The survival of Megrahi so far beyond his three-month life expectancy has provided plenty of ammunition for those who opposed Mr MacAskill's decision to release the UK's worst mass murderer.

But, according to Mr MacAskill himself, Lockerbie is not proving to be a big issue on the doorsteps as he defends his Edinburgh East seat, a marginal constituency balanced on a knife-edge.

Out canvassing, Mr MacAskill has come across the "odd individual" who opposed his decision. "Equally," Mr MacAskill said, "there is a great deal of support for me as an individual and a recognition that I had to make the decision."
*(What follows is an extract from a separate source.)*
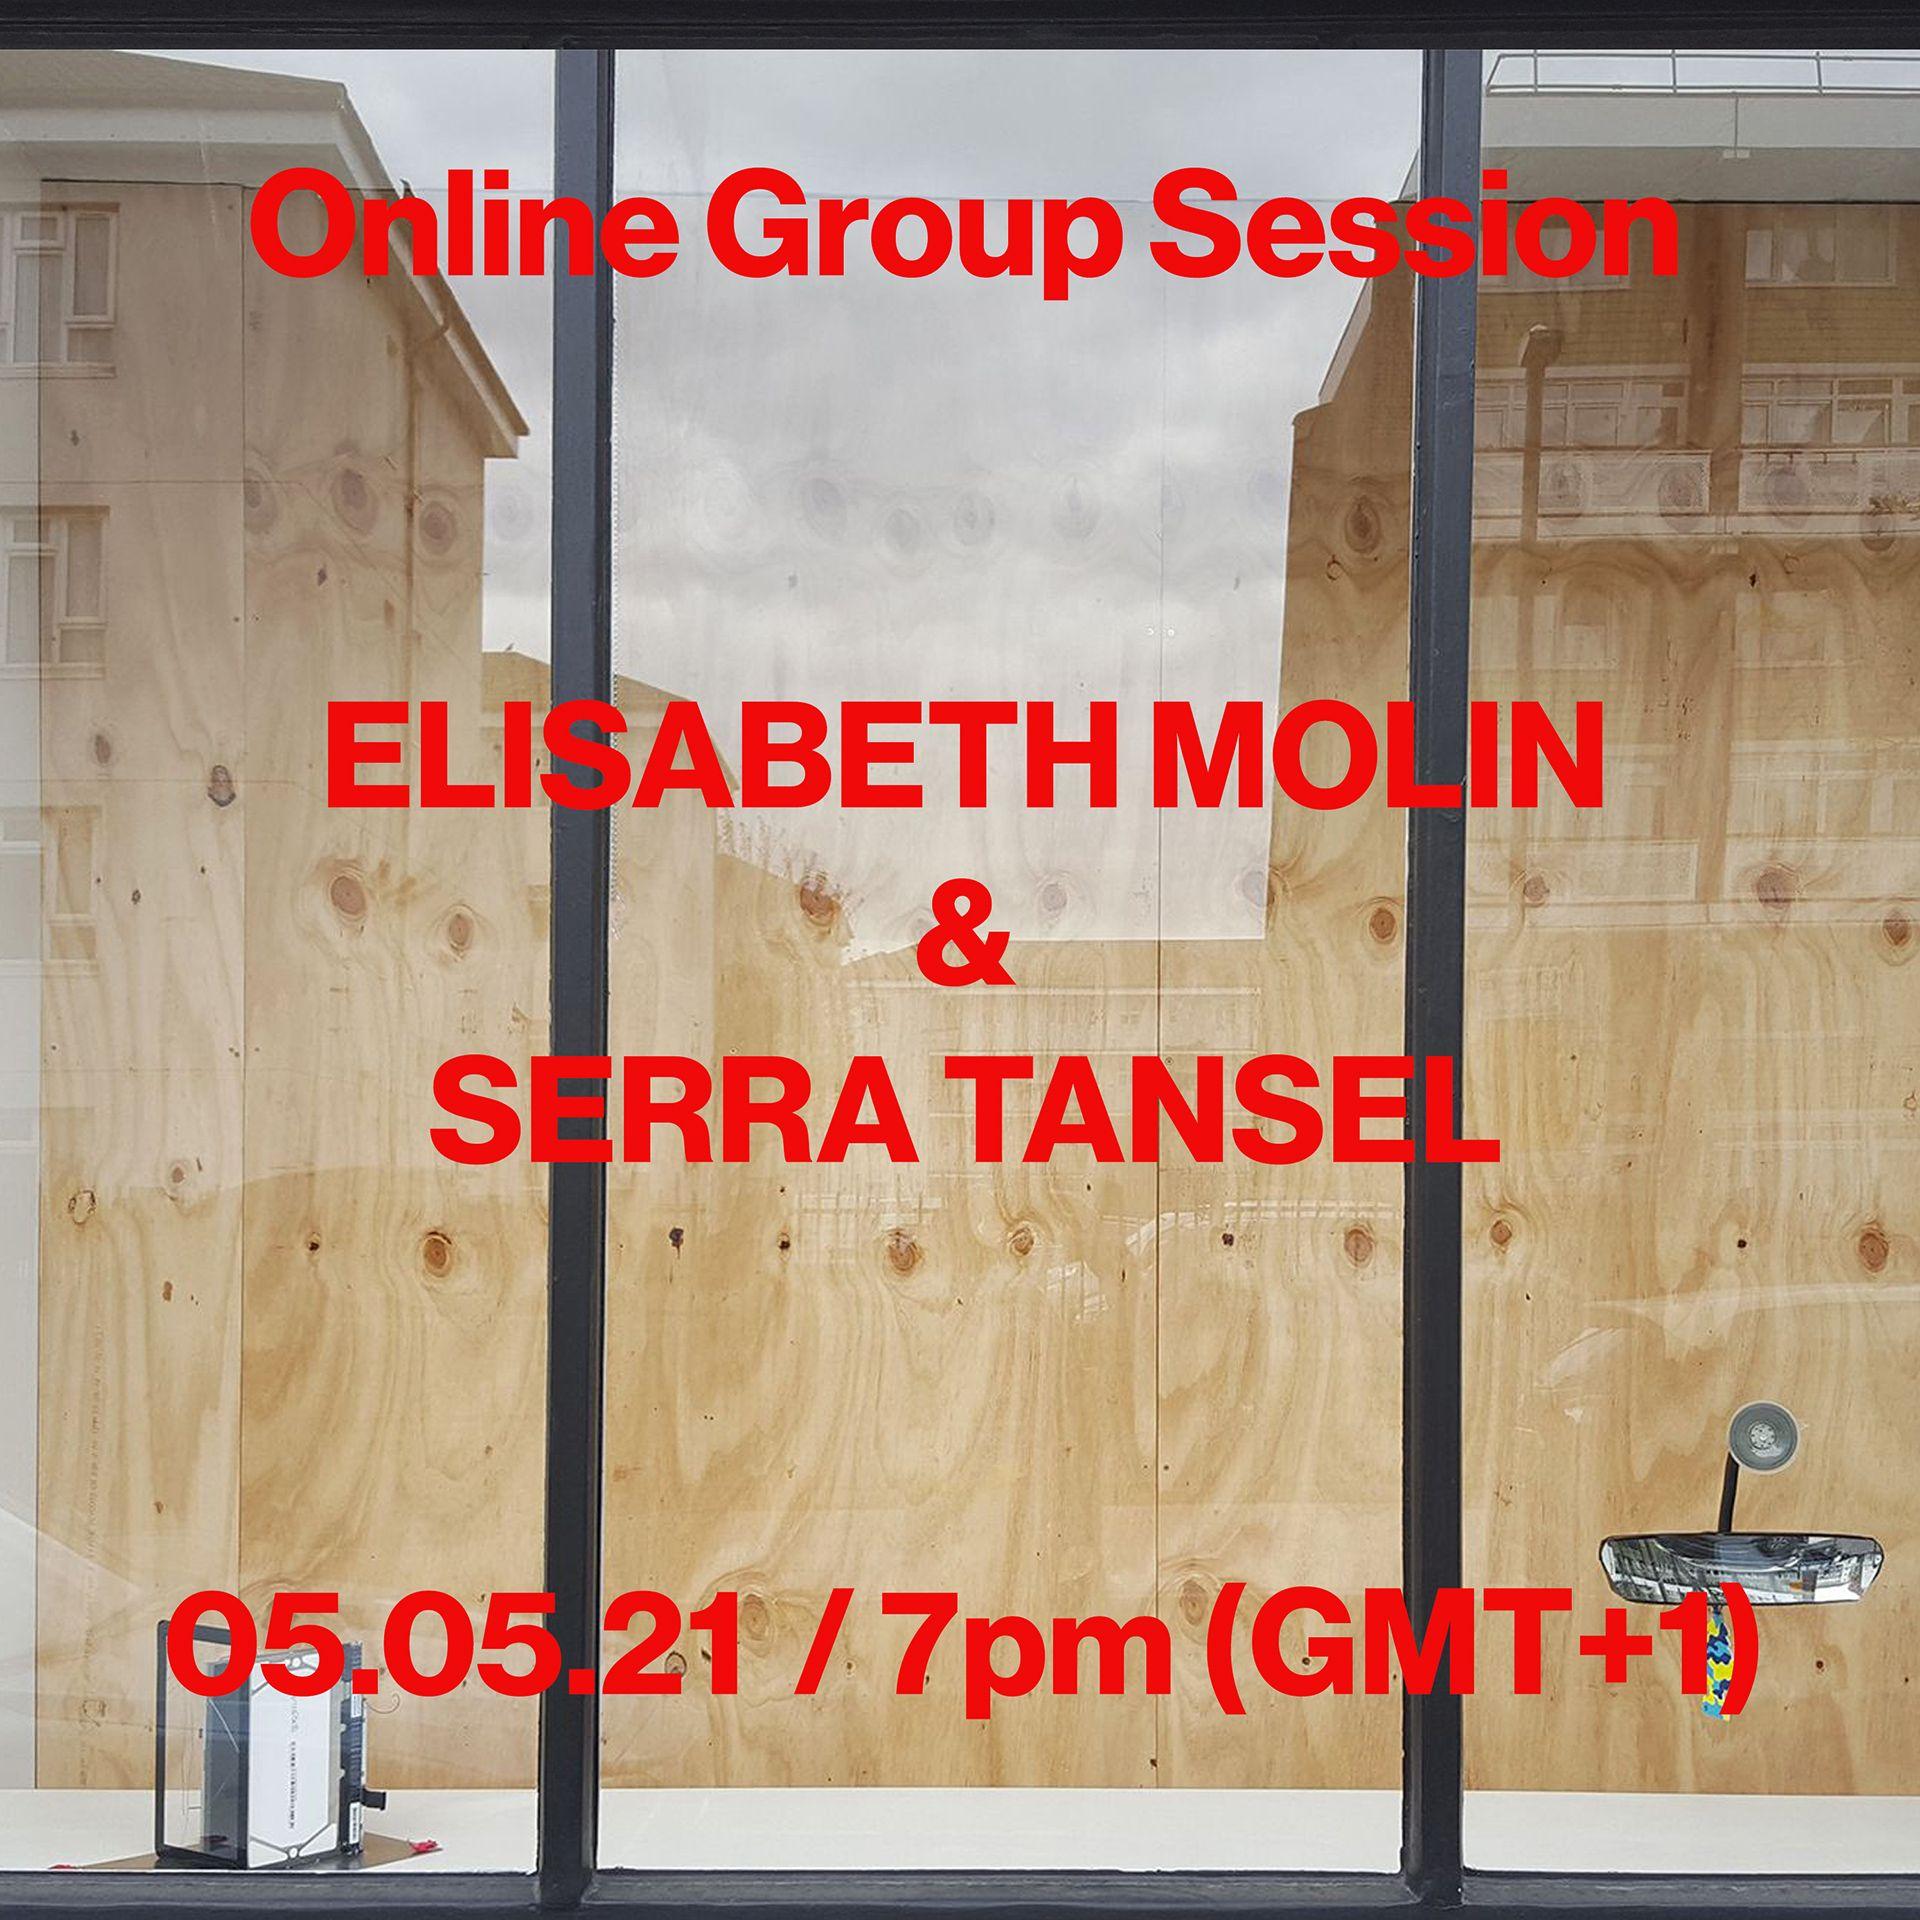 Online Group Session, Elisabeth Molin, Serra Tansel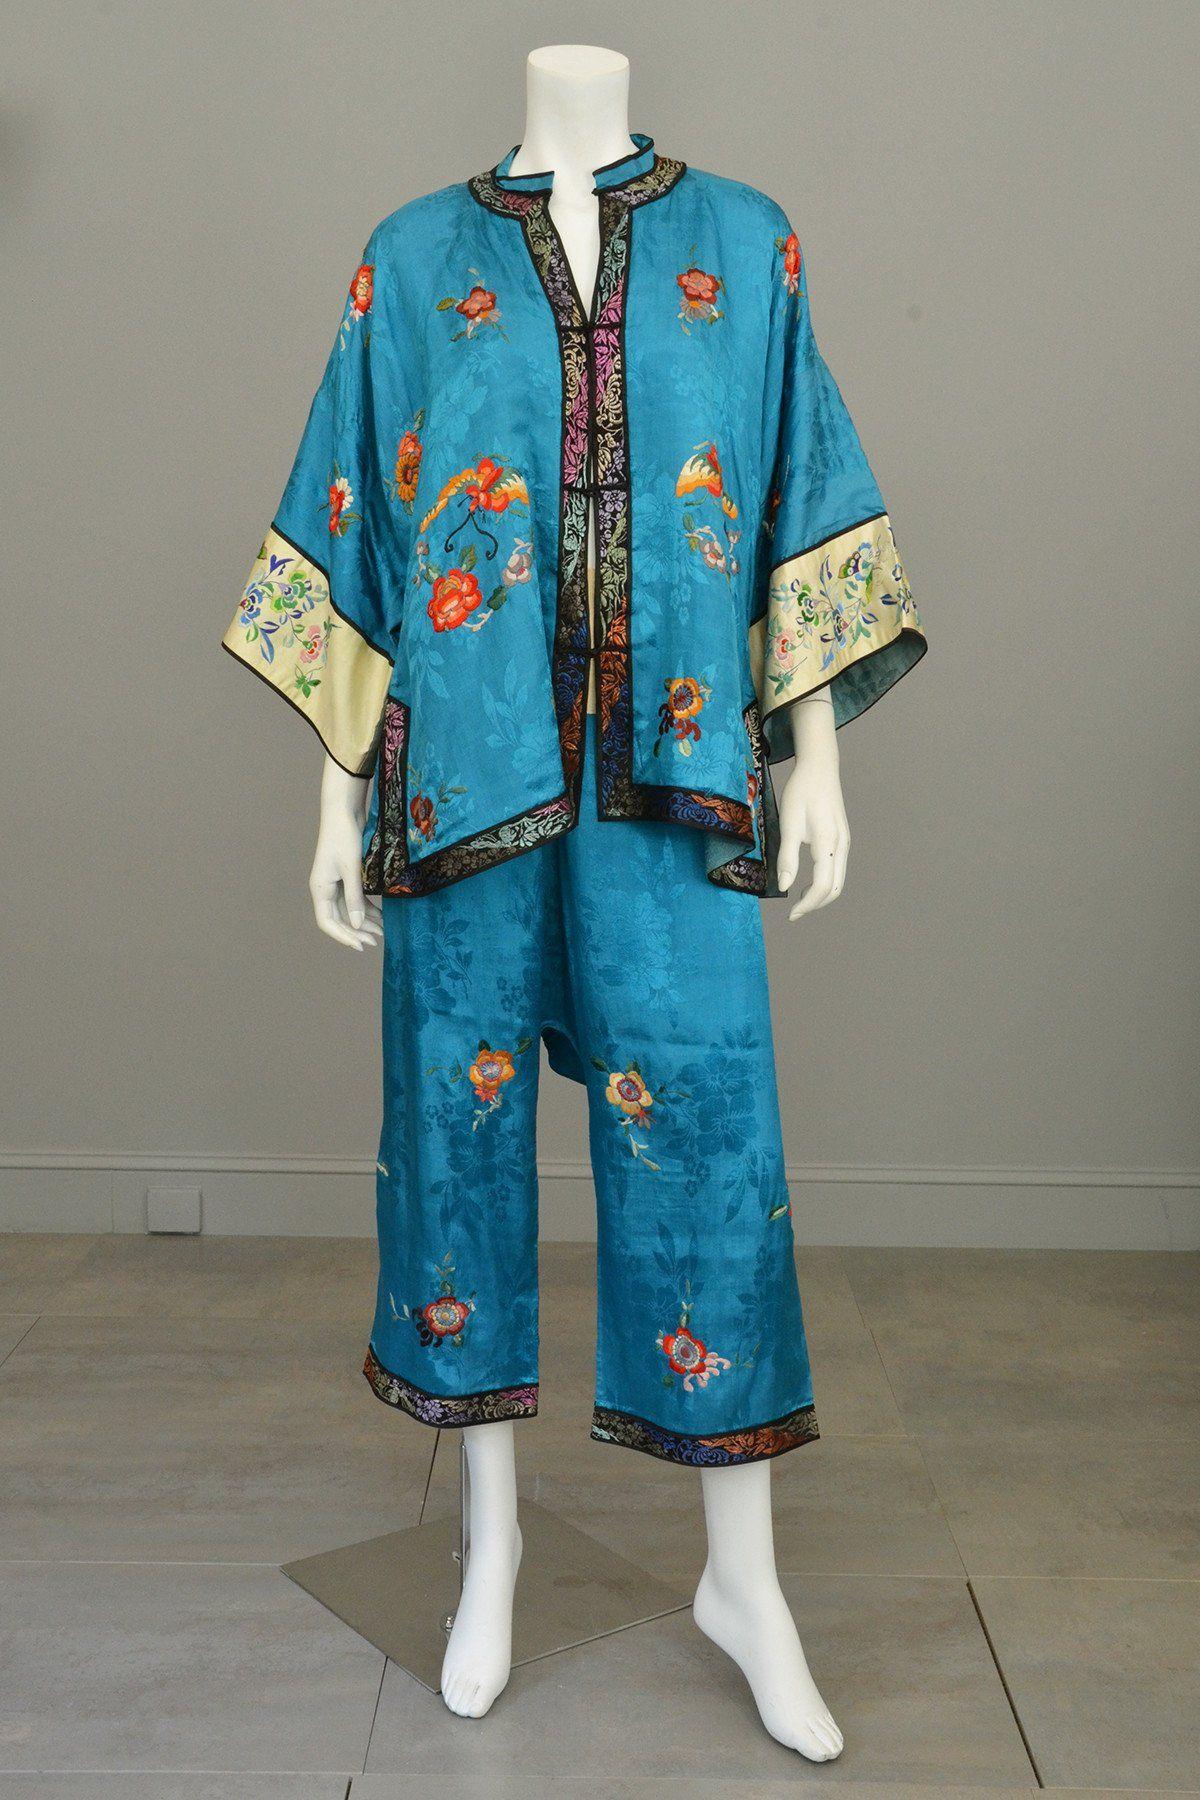 1930s Embroidered Chinese Silk Pajamas Loungewear Beach Pajamas Wide leg  Pants from VintageVirtuosa f85517a64

Mr MacAskill argues that he came out of the decision with his "hands clean", unlike "charlatan and shameful" Labour who criticised the decision at Holyrood while at Westminster, government ministers were plotting for Megrahi's release.

"Is it an election issue?" Mr MacAskill asks. "Not that we've picked up," he adds, answering his own question.

In any case, Mr MacAskill's only serious rival for the seat is reluctant to make Lockerbie a defining election issue. For the Labour candidate Ewan Aitken, his reasons for playing down the Lockerbie controversy probably has more to do with his own beliefs than any embarrassment over his party's behaviour on the issue.

As a Church of Scotland minister, the Labour councillor is a strong proponent of "compassionate release", although he does have some reservations about how the decision to release Megrahi was arrived at.

Mr Aitken said: "Compassion is an all or nothing thing. There are clearly questions to be asked about the process in this case, but the principle of releasing somebody - no matter how heinous the crime - on compassion is one that I support. But I do ask questions about what happened in this case." He added: "This election here isn't about the life and death of an individual in Libya, it is about jobs."

His mantra that this contest will be all about the economy was shared by Mr MacAskill, who suggested that the need for jobs was resonating more among the voters than the SNP's independence message.

"Folk are voting on the economy and the SNP's handling of it," Mr MacAskill said. "It is the economy… but tied into the conversation are powers (for the parliament]. But, at the end of the day, what concerns people are jobs, staying in them, getting their kids into them or the consequences of loss of jobs on services."

Pushing independence into the background is a tactic that appears to be working with sections of the electorate - those who remain Unionists, but think that the SNP has more to offer than Labour.

This apparent paradox was summed up by Margaret Paterson, retired clerkess, who happened to pass by Mr MacAskill's office opposite Jock's Lodge in Edinburgh.

"I think Alex Salmond does a good job, so I think I will vote SNP," she said.

But despite warming to Mr Salmond, she added that she "definitely does not" want independence.

"The world is in a bad enough state without us being separated from England," Ms Paterson remarked.

As far as Mr Aitken can make out, it is a race that is too close to call: "We are not behind, but we are not ahead. It is very tight."